By the way, this withstood approx 60 mile @ hour winds in the early AM in Petersburg MI.


----------



## Frighteners Entertainment (Jan 24, 2006)

found a full shot of it


----------



## Bethene (Jan 19, 2008)

looks good _ I wondered about you guys there in the weather that came last night- good to know the facade held, hope every one else was as lucky! Some day I will go to the fright fest. - just hasn't worked out yet.


----------



## Frighteners Entertainment (Jan 24, 2006)

and you're so close too!!
You would have a great time...good folks and great food on Saturday night.
I wasn't there last night...new baby and all.


----------



## IMU (Apr 8, 2009)

Very nice work ... looks great!


----------



## ScareShack (May 26, 2006)

Looks very very good. Good to hear it survived the storm


----------



## NoahFentz (May 13, 2007)

amazing work Jeff. Love the brick color. ALL of the detail. Very very cool!!


----------



## Bone Dancer (Oct 7, 2005)

Excellent work Jeff, it looks super.


----------



## The Watcher (Sep 13, 2008)

Glad you folks made it through the storms. That is a very nice set up you built.


----------



## morbidmike (Sep 11, 2009)

very cool Jeff I wish I could have made it there


----------



## fick209 (Aug 31, 2009)

The brick and all the details are awsome, glad it withstood the winds.


----------



## Frighteners Entertainment (Jan 24, 2006)

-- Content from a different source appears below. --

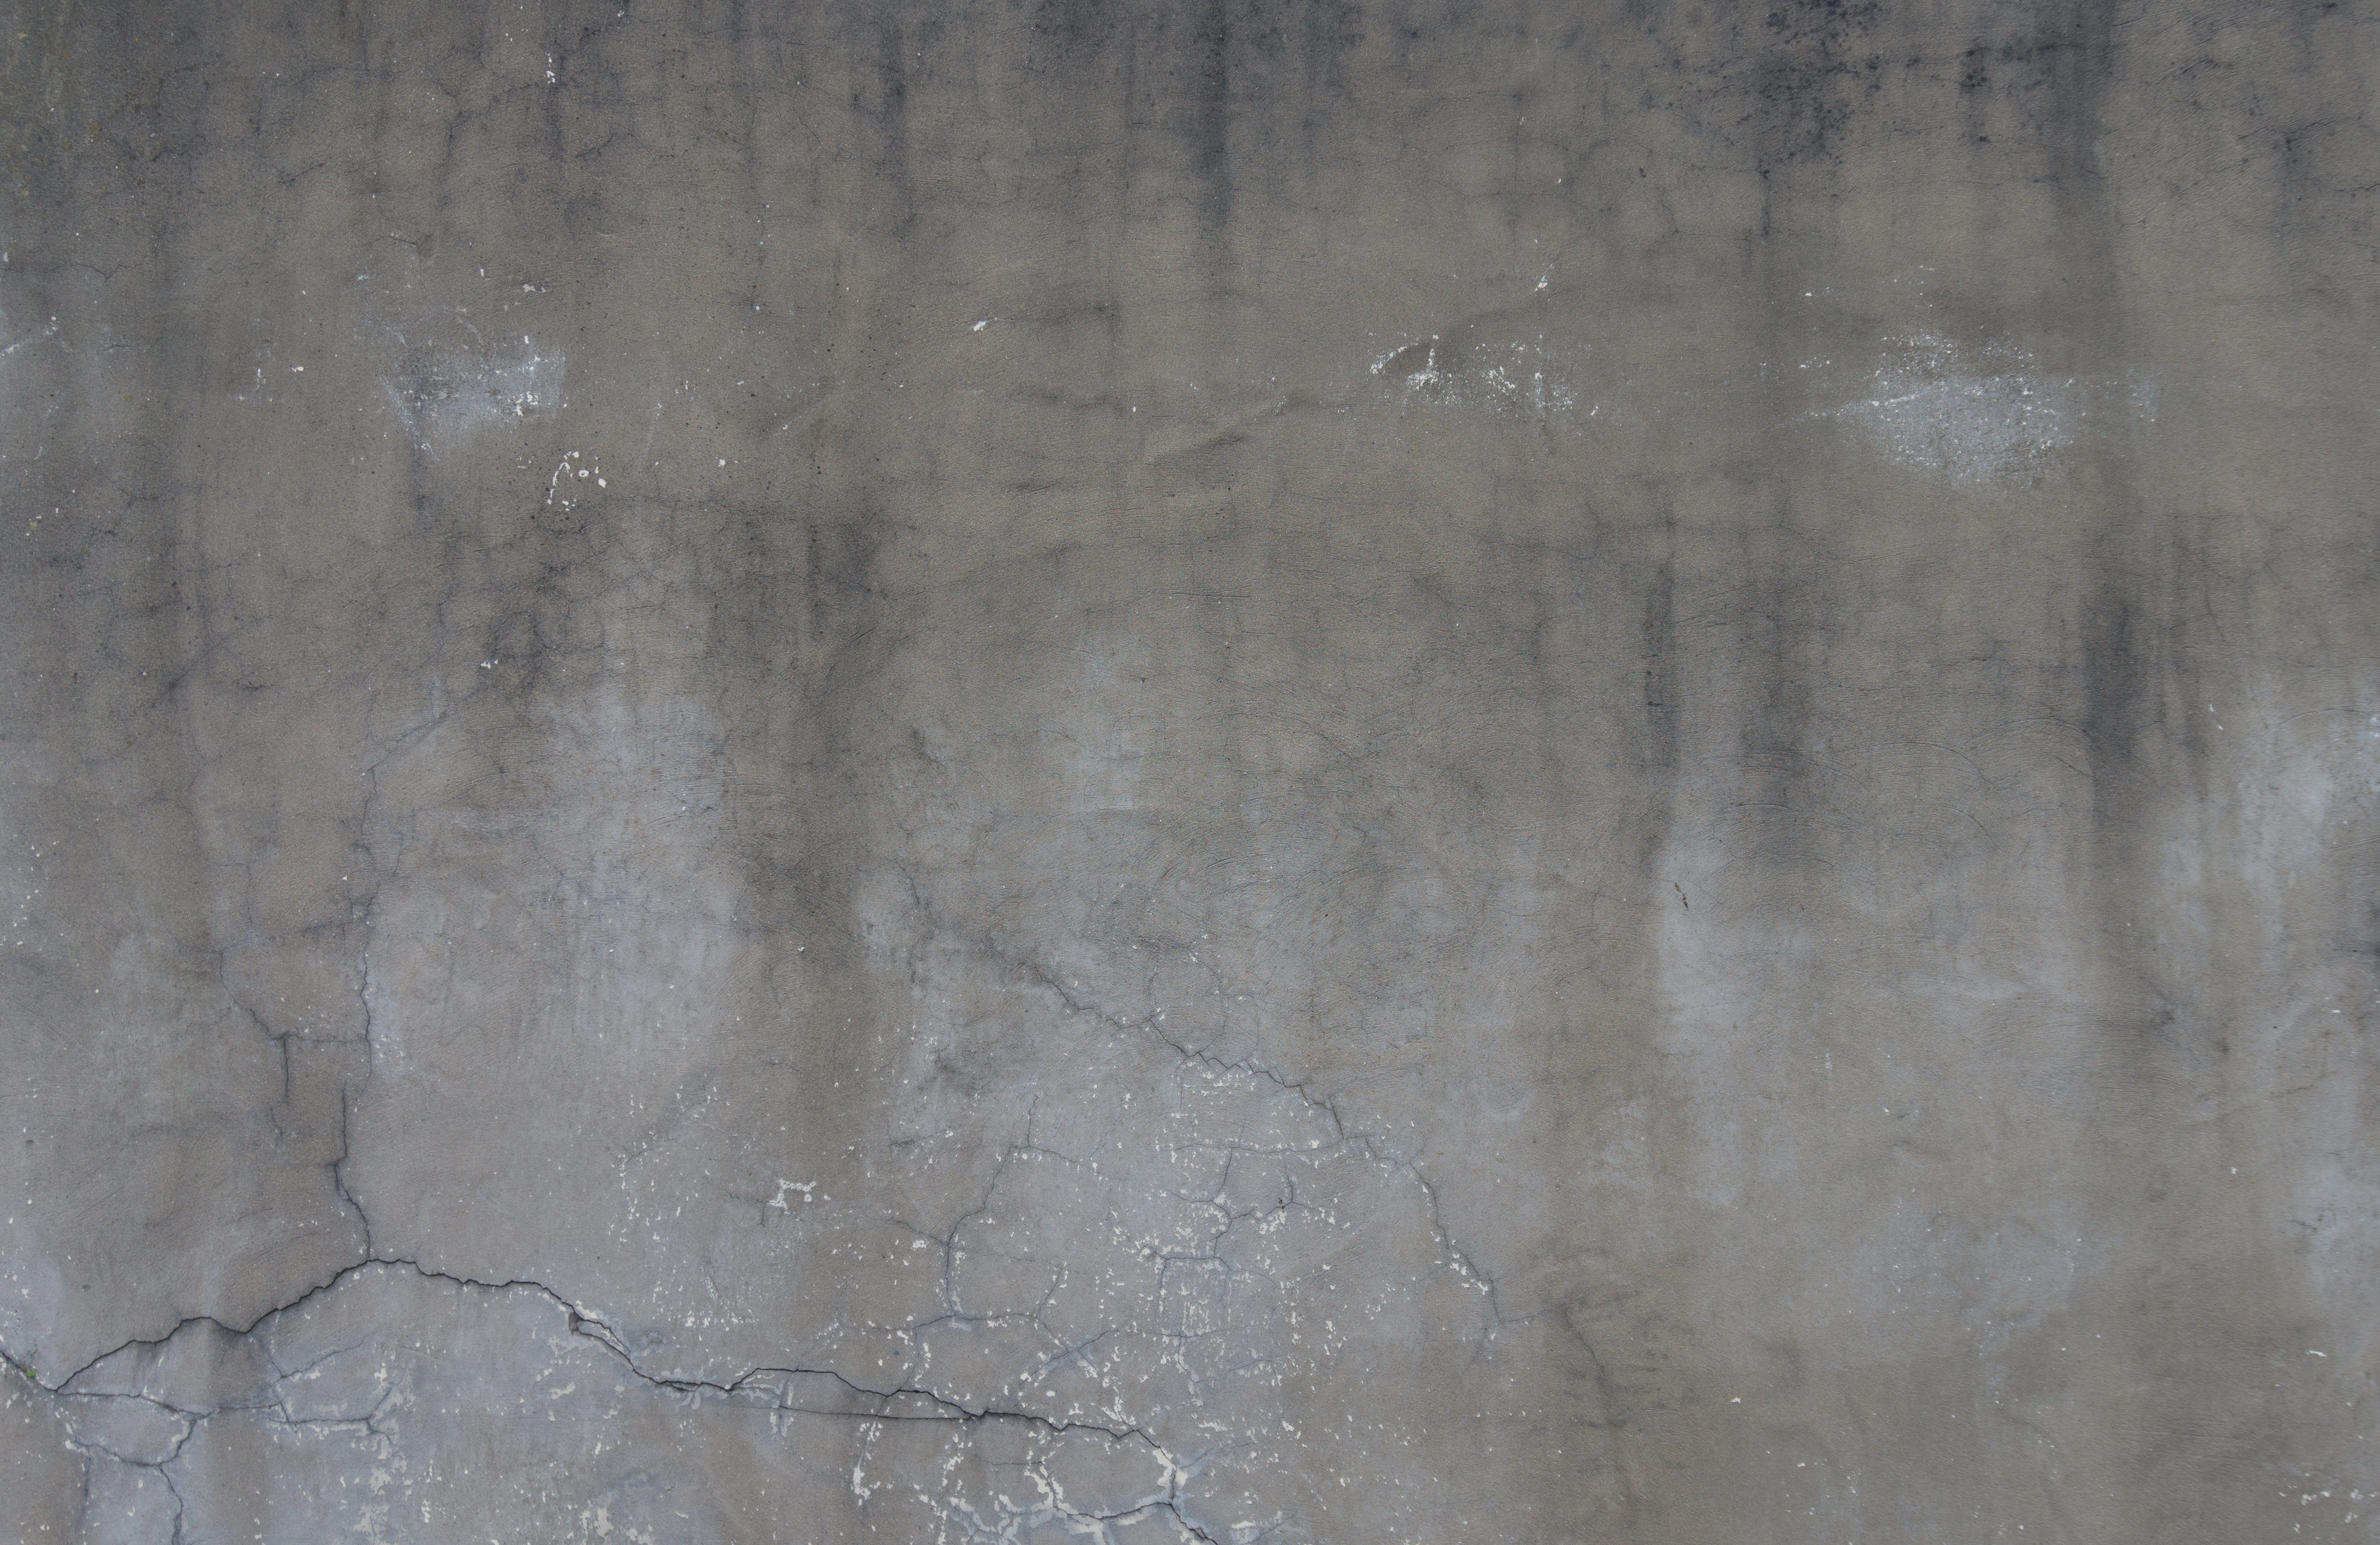 Concrete Wall Concrete Texturify Free Textures

thank you everyone for the kind words.
Already have an idea what to add to it next year.
Another 8 ft wide building...thinking 12 ft tall.

I might just do something like this for a yard decoration for halloween this year???


----------



## ghost37 (Jul 30, 2008)

Looks awesome. Great job!!!


----------



## scareme (Aug 29, 2006)

Looks great Jeff. You can tell alot of work went into that. Where/how do you store it?


----------



## RoxyBlue (Oct 6, 2008)

I think you should build an entire house like that


----------



## Frighteners Entertainment (Jan 24, 2006)

lol...sure thing Roxy.
I donated it to them..not sure how they store it, but it is modular.


----------



## Death's Door (Mar 22, 2006)

Awesome job there FE!!! Great detail. Thanx for sharing.


----------



## DeathTouch (Sep 6, 2005)

I finally remembered this thread. Awesome!


----------



## Frighteners Entertainment (Jan 24, 2006)

Glad everyone likes it.
Mr. Stoll took a couple of really cool pictures of it.


----------



## Front Yard Fright (Dec 23, 2005)

That's fantastic!
Amazing work!
.


----------



## kprimm (Mar 14, 2009)

Really wish i could have went to great lakes fright fest but they had it the same weekend as midwest haunters convention and i was there. Hopefully next year i will be able to go. Would like to be able to attend both every year.


----------



## Spooky1 (Aug 25, 2008)

Jeff, it looks great. Glad it held up in the high winds.


----------